Salve had told the court that pollution levels in Delhi had reached an alarming stage and was increasing unabated. He also stated that ever-growing particulate matter in the air has started causing severe respiratory diseases.
“Delhi has lost the gains made through the introduction of clean fuel — CNG — as current pollution levels are high and toxic. It is clear that the city needs to do urgent, drastic and long-term second-generation reforms to reduce this burden,” Salve said.
Salve also read out from a report prepared by Environment Pollution (Prevention and Control) Authority, which demonstrated the rise in pollution level in the national capital and also suggested measures to contain the menace.

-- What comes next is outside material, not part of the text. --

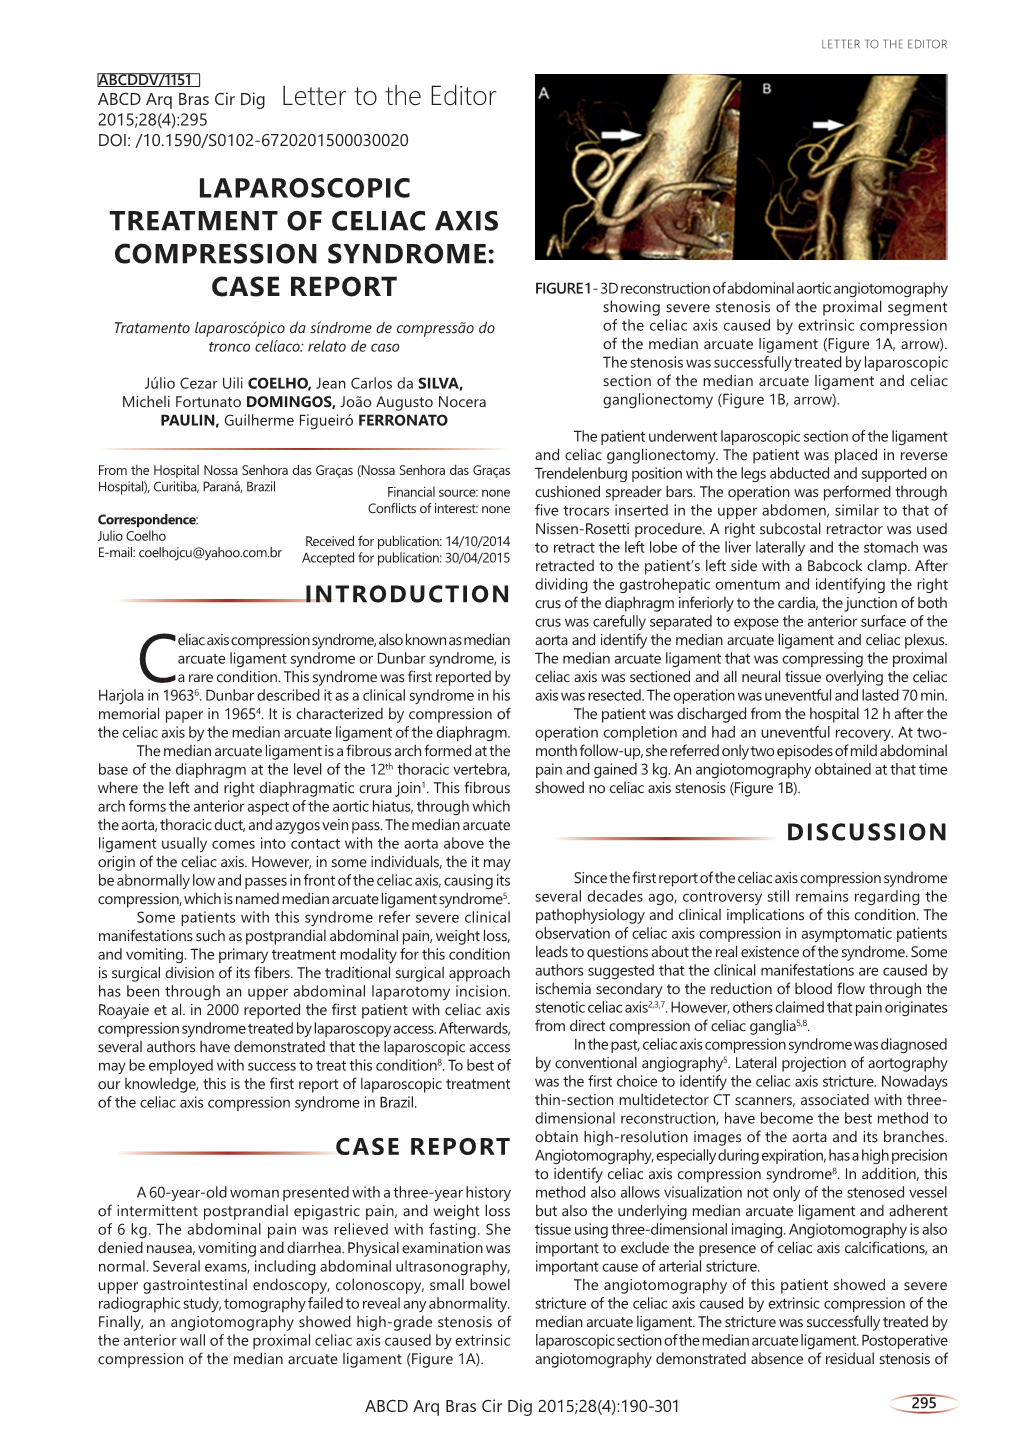 Laparoscopic Treatment of Celiac Axis Compression Syndrome: Case Report

An analysis of the air quality data, the report pointed out, revealed that there were at least 25 days of “severe pollution” between October 1 and November 26.
“Severe pollution days mean that the PM 2.5 level was over 250, which is four times higher than the prescribed standard. On certain days, the level was over eight times higher than the standard — which clearly means that not only was the level severe but it also touched emergency levels,” the report stated.
The report further said the Centre was required to advance the introduction of Euro IV (Bharat stage IV) across the country from its current schedule of 2017 and they must now answer regarding the schedule.
The bench noted that all these issues were of utmost importance and that the government should submit a detailed response, making its stand clear.